2. **Tactic Divergence:** The key difference lies in the tactics used at three critical junctures (highlighted and tagged #1, #2, #3).
* **Step #1:** The LLM uses `field_simp [h₂]` (a simplification tactic for field arithmetic), while APOLLO uses `linarith` (a tactic for linear arithmetic).
* **Step #2:** The LLM uses the explicit rewrite `rw [h₁]` to substitute `a*b=180`. APOLLO again uses `linarith`, which can infer this substitution automatically from the context.
* **Step #3 (Conclusion):** The LLM constructs a detailed proof term using `exact step1.trans (step2.trans step3)` to chain the equalities. APOLLO simply uses `linarith` again, which solves the final linear arithmetic goal.
3. **Conciseness:** The APOLLO version is more concise, relying on the powerful, automated `linarith` tactic in place of more manual or specialized tactics (`field_simp`, explicit rewrites, proof term construction).
### Interpretation
This diagram serves as a technical demonstration of how the APOLLO system augments or refines the output of a base LLM for formal theorem proving in Lean 4.

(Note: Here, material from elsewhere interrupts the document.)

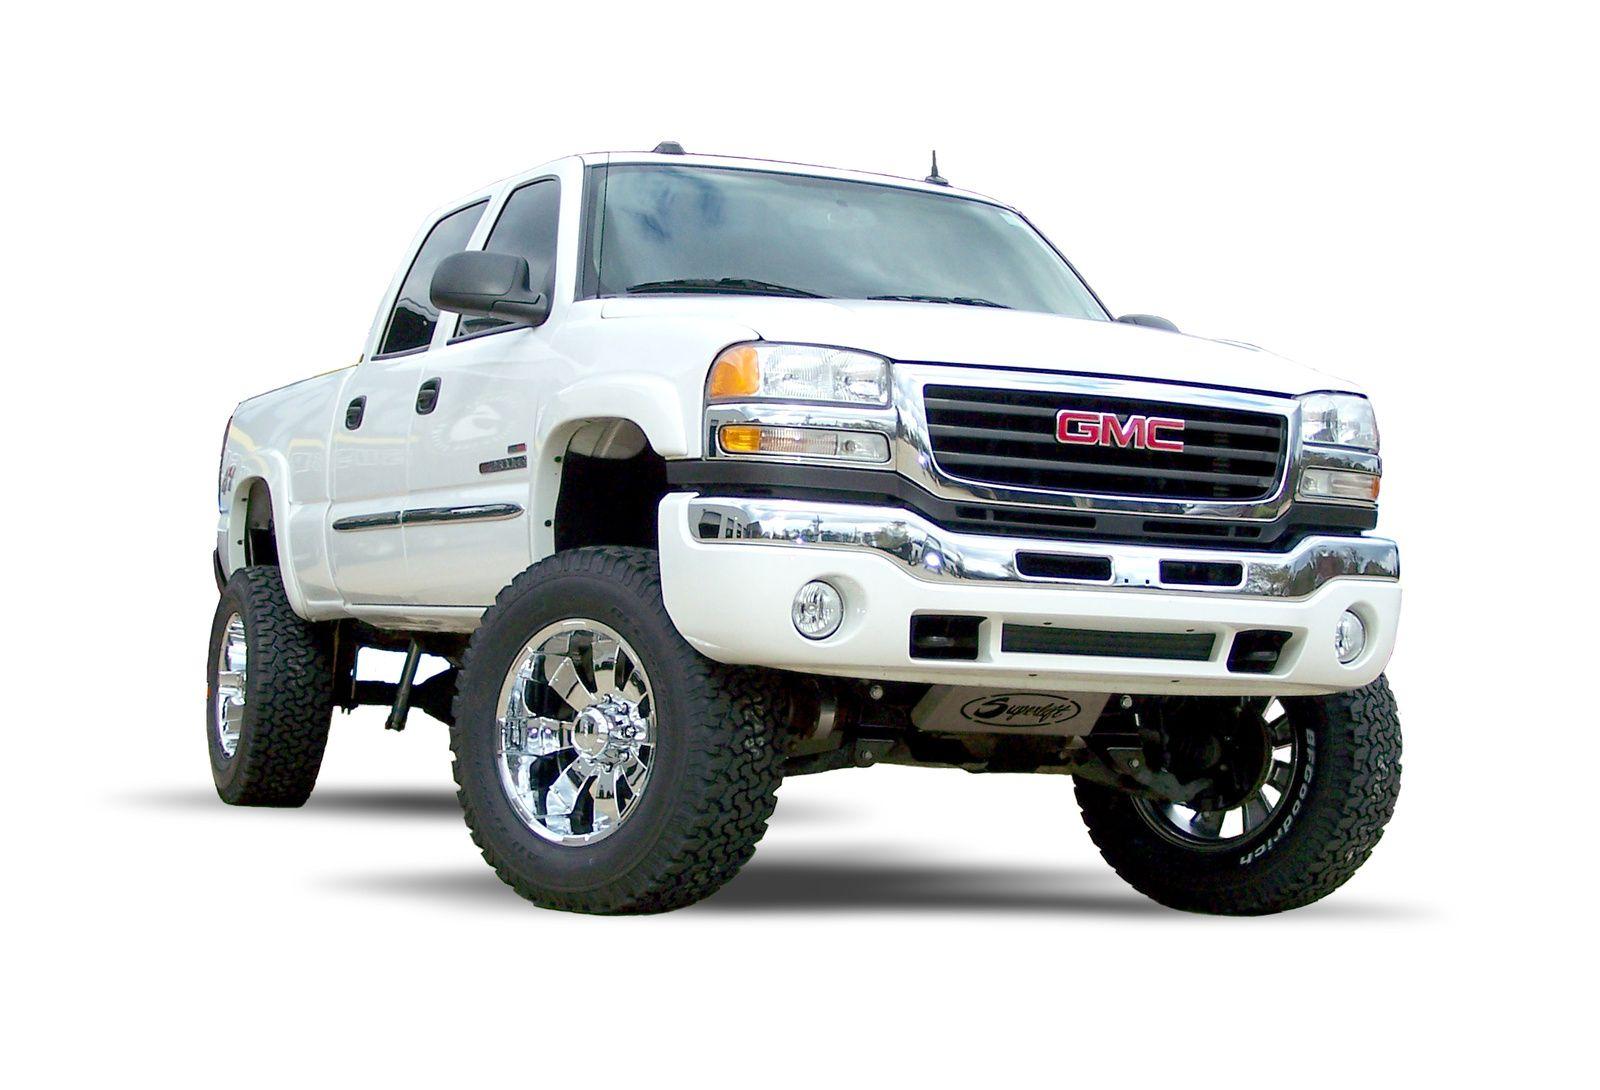 2014 Gmc Truck 2014 Gmc Truck Images Trucks Gmc Truck Gmc

* **What it demonstrates:** The comparison suggests that APOLLO enhances proof automation. It replaces LLM-generated, potentially more verbose or less general tactic calls with a uniform, powerful automated tactic (`linarith`). This indicates APOLLO's strength in recognizing and solving linear arithmetic subgoals that arise during a proof.
* **Relationship between elements:** The side-by-side layout directly contrasts the "raw" LLM output with the "refined" LLM+APOLLO output. The colored highlights and numbered tags (#1, #2, #3) explicitly map the points of divergence, making the comparison easy to follow.

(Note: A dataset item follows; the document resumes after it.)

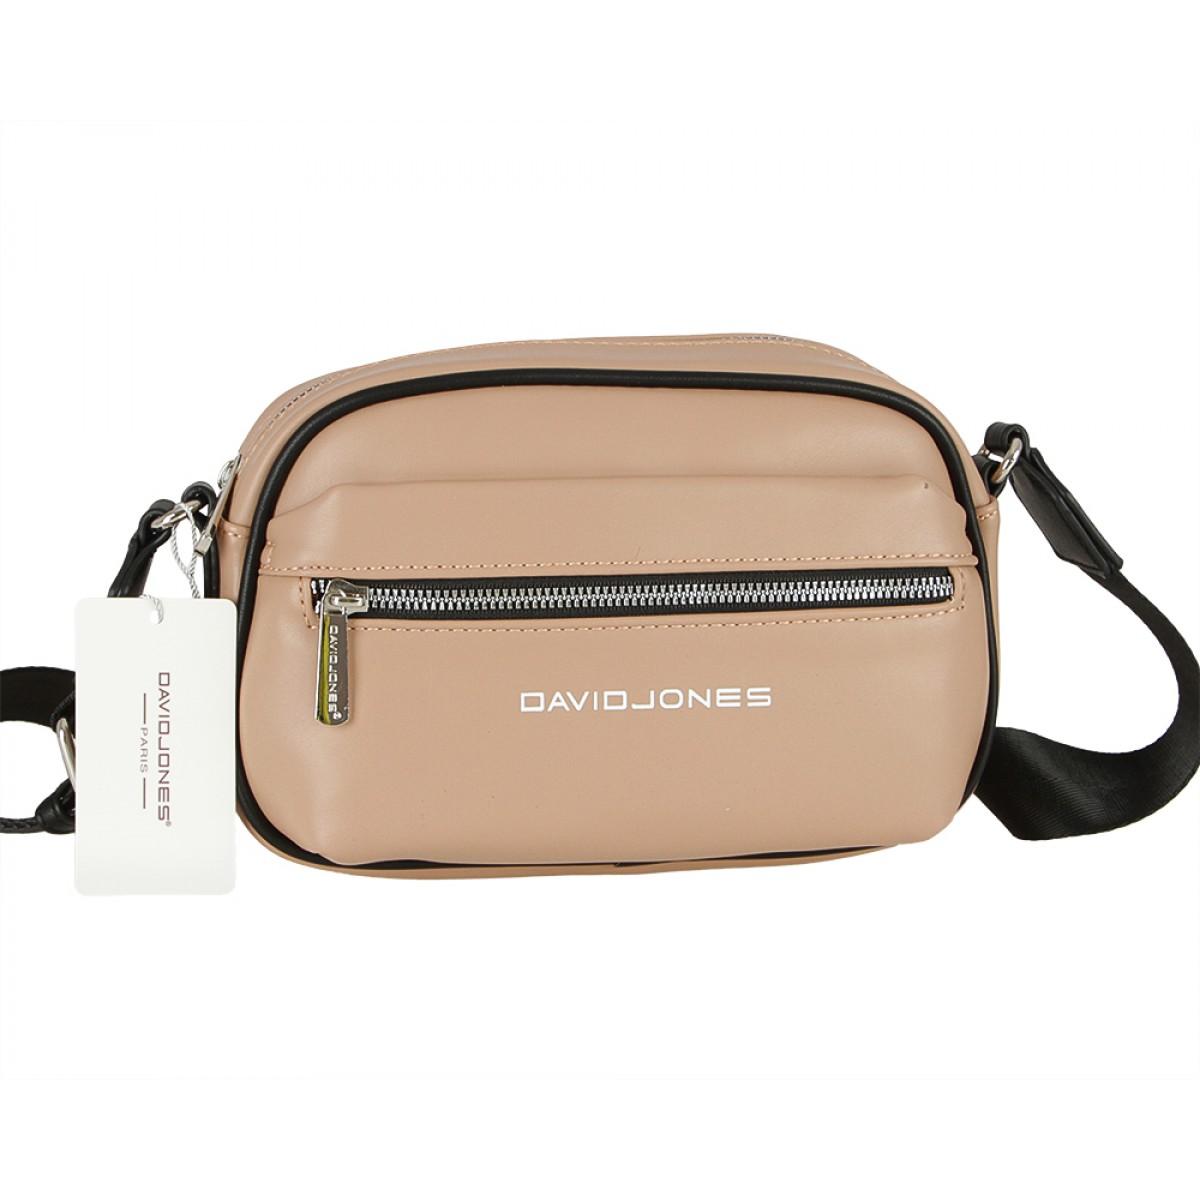 Жіноча сумка David Jones 6208-1 L.CAMEL

* **Significance:** The outlier is the LLM's use of `exact step1.trans...` in the final step. This is a valid but more low-level approach compared to APOLLO's strategy of delegating to `linarith`. The overall trend shown is toward greater automation and tactic uniformity when APOLLO is involved, which can lead to more robust and maintainable proofs. The image argues for the utility of systems like APOLLO in bridging the gap between LLM-generated proof sketches and fully automated, polished formal proofs.